Judge Delays Ex-Massey CEO’s Trial, Keeps Case in West Virginia

June 15, 2015

A federal judge has agreed to delay the criminal trial of former Massey Energy CEO Don Blankenship.

U.S. District Judge Irene Berger on Friday delayed the trial from July 13 to Oct. 1, The Charleston Gazette reports. Berger also ordered the trial moved from Beckley, W.V.a, to Charleston.

Blankenship is charged with conspiring to violate safety standards at Upper Big Branch, a former Massey Energy mine where an explosion killed 29 men in 2010.

Berger’s postponement comes a week after prosecutors and defense attorneys asked her to push back the trial to mid-October. Berger had previously denied the defense attorneys’ request to delay the trial until January 2016.

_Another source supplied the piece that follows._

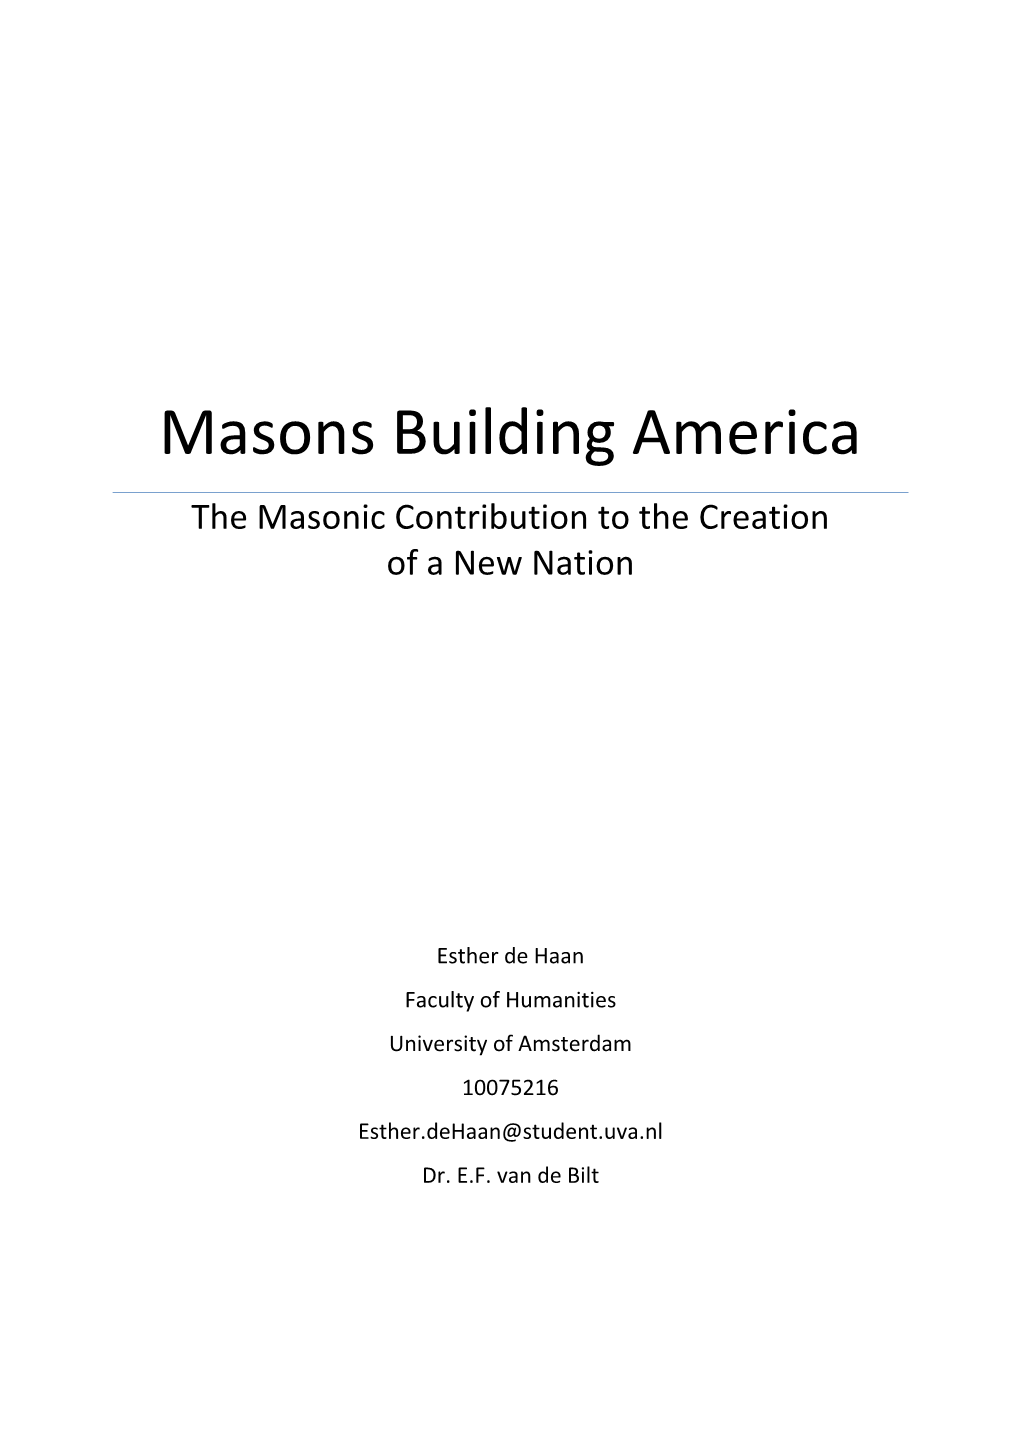 Masons Building America the Masonic Contribution to the Creation of a New Nation
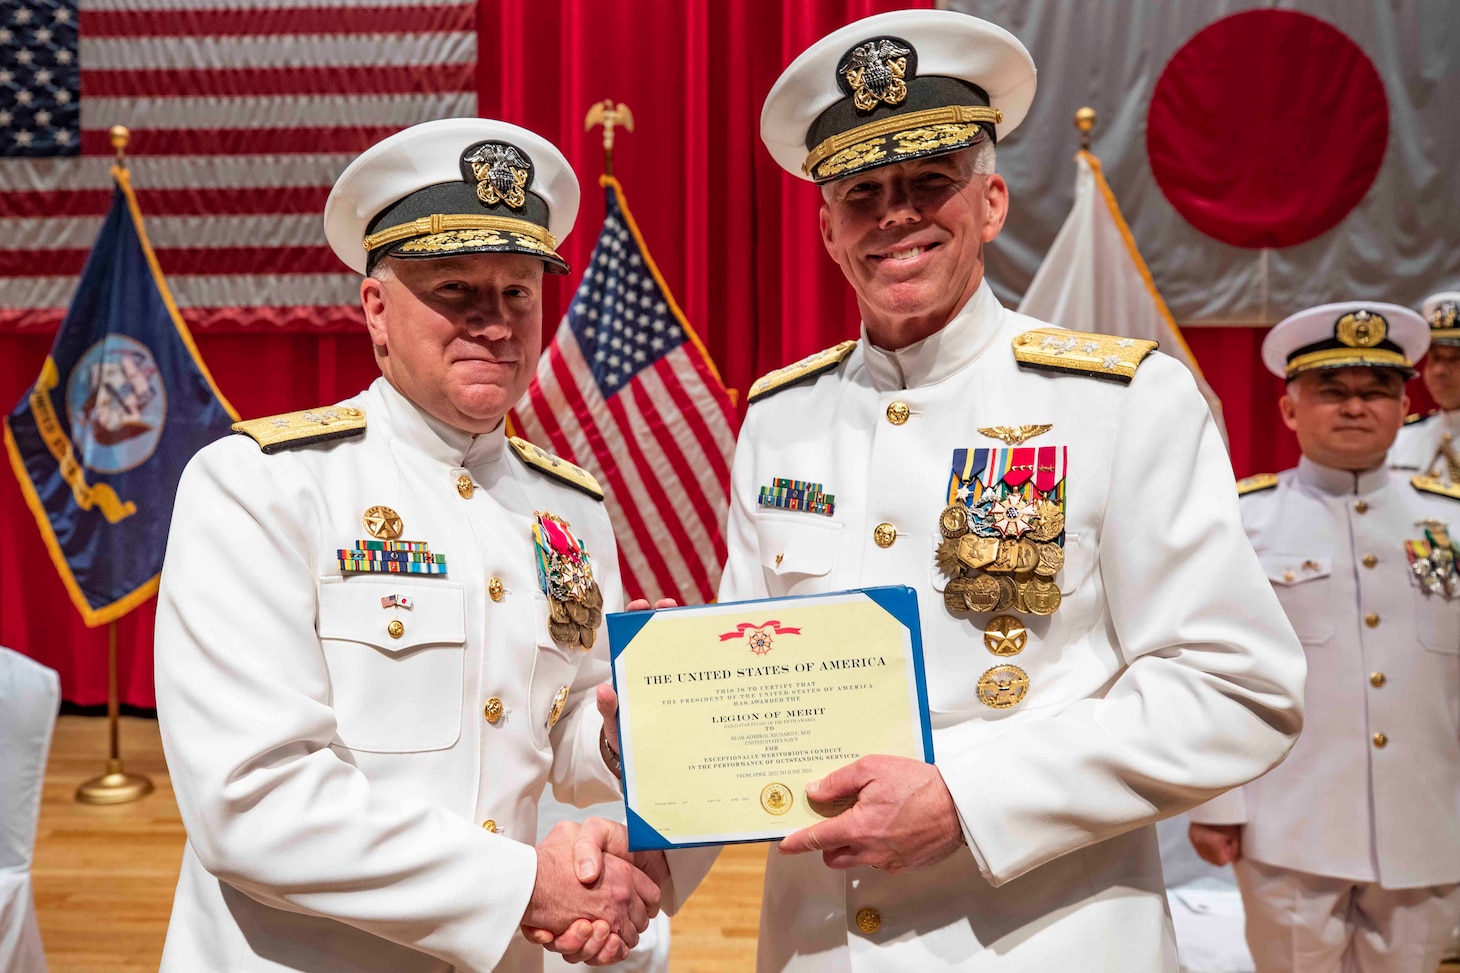 Vice Adm. Karl Thomas, commander, U.S. 7th Fleet, right, presents the Legion of Merit to Rear Adm. Rick Seif, left, outgoing commanding officer, Commander, Submarine Group 7 during a change of command ceremony at Commander, Fleet Activities Yokosuka, Japan, on June 2, 2023. Submarine Group 7 directs forward-deployed, combat capable forces across the full spectrum of undersea warfare throughout the Western Pacific, Indian Ocean, and Arabian Sea.

In court filings, Berger said she was “making an effort to err, if at all, on the side of caution,” and that she believed “good cause” can be attributed for the delay, rather than any negligence on the attorneys’ or court’s parts.

In their request for the delay, the attorneys said that barring unforeseen circumstances, they don’t intend to seek further continuances.

Defense attorneys had also asked that the trial be moved outside of West Virginia, arguing that he cannot get a fair trial in the state.

Berger decided to keep the trial in-state, but move the trial to Charleston, which is located slightly further away from the site of the explosion.

Charleston is about 45 miles north of the site, while Beckley is about 35 miles to the southeast of the mine.